Herb Graffis didn’t miss much when he sat down at his typewriter. He was part of a generation of great golf writers that included Grantland Rice, Bernard Darwin, Ring Lardner, Henry Longhurst, Herbert Warren Wind and Charles Price, yet his greatest contributions to the game came not from what he wrote, but through the conception of his ideas.
Along with his brother, Joe, Graffis founded the Chicago Golfer in 1923, Golfdom in 1927 and then a national monthly, Golfing, in 1933. They founded the National Golf Foundation, the Golf Course Superintendents Association and the Club Managers Association, and published the first U.S. Open program in 1928 at Olympia Fields.
It was Graffis who believed that golf was a business as well as a game.

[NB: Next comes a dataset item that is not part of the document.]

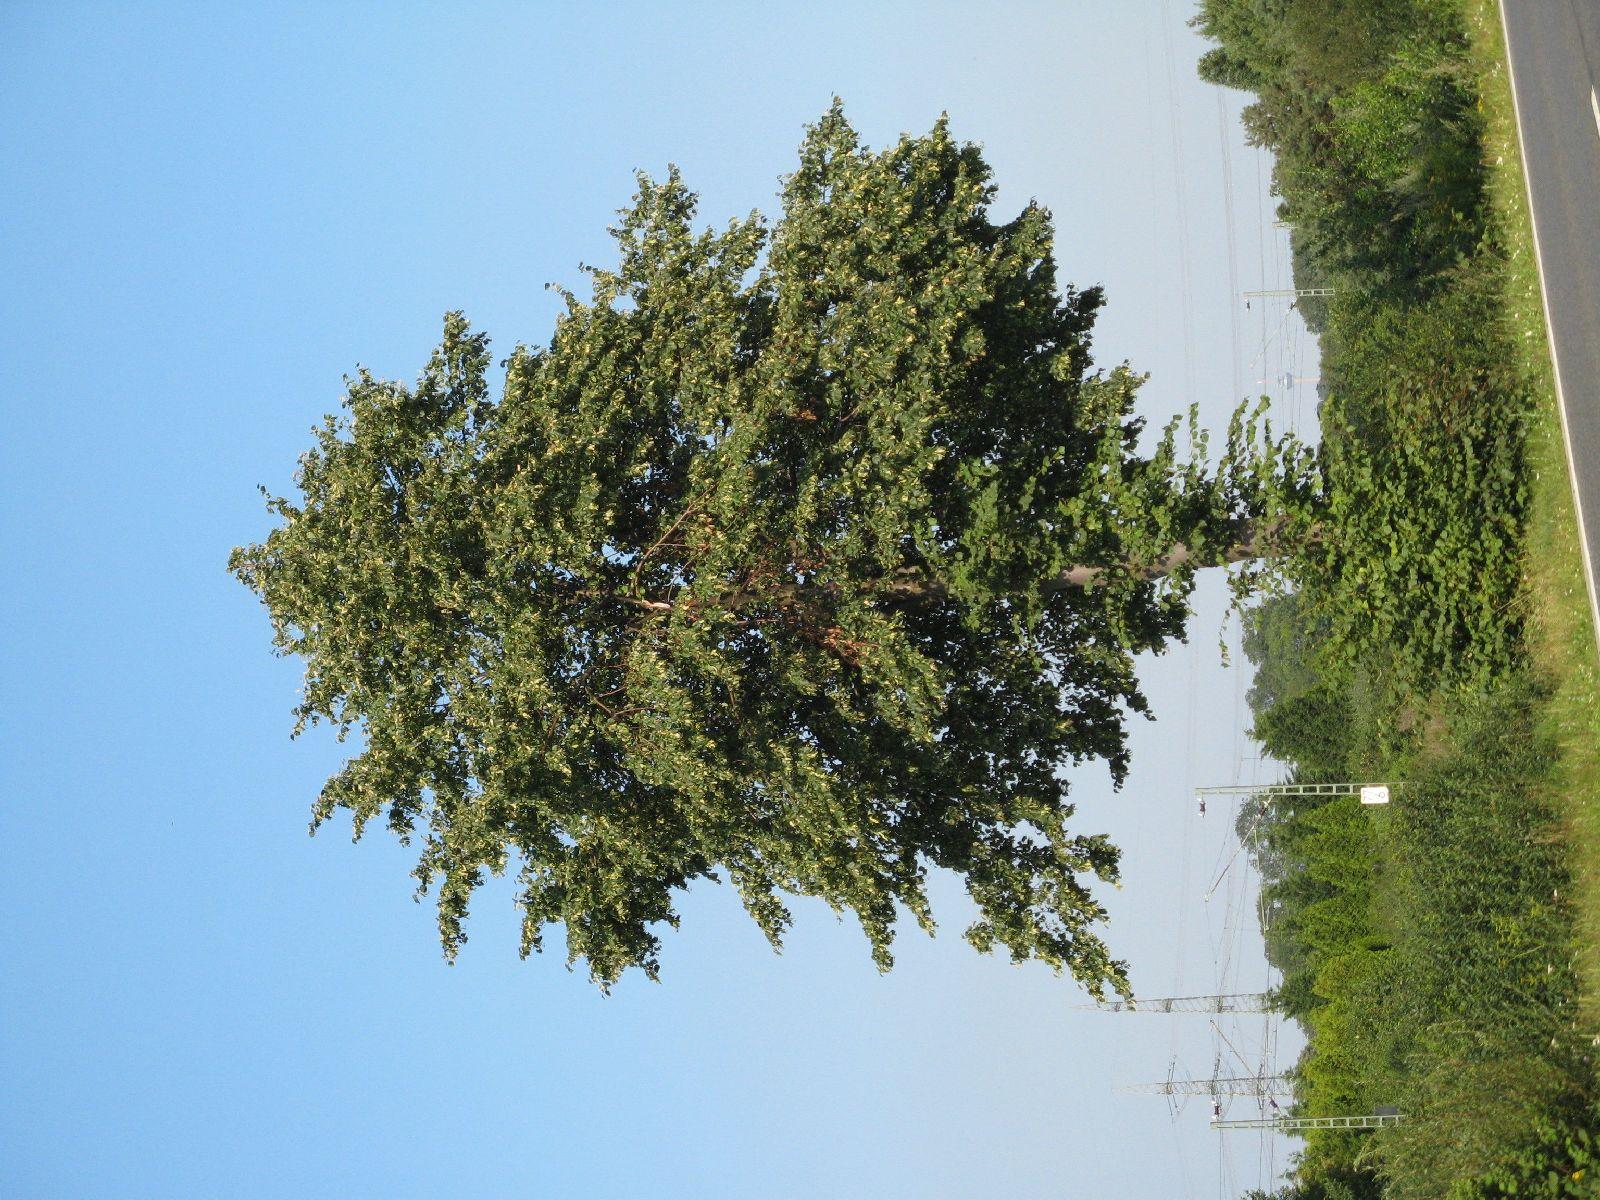 Plants-Trees_Photo_Texture_B_1174

Golfdom, for example, was a magazine with a controlled circulation that was sent to the president, green chairman, professional, greenkeeper and course manager at each club.
Golfing was created, in Graffis’ words, “because the manufacturers couldn’t afford to spend much on ad space in the (Saturday Evening) Post or Colliers, but they wanted to do something that would get in the hands of a select list of golfers.” Golfing was published five times a year and sent out free. The Graffis philosophy was that “the most important guy was the one reading it, not the guy who was being written about.”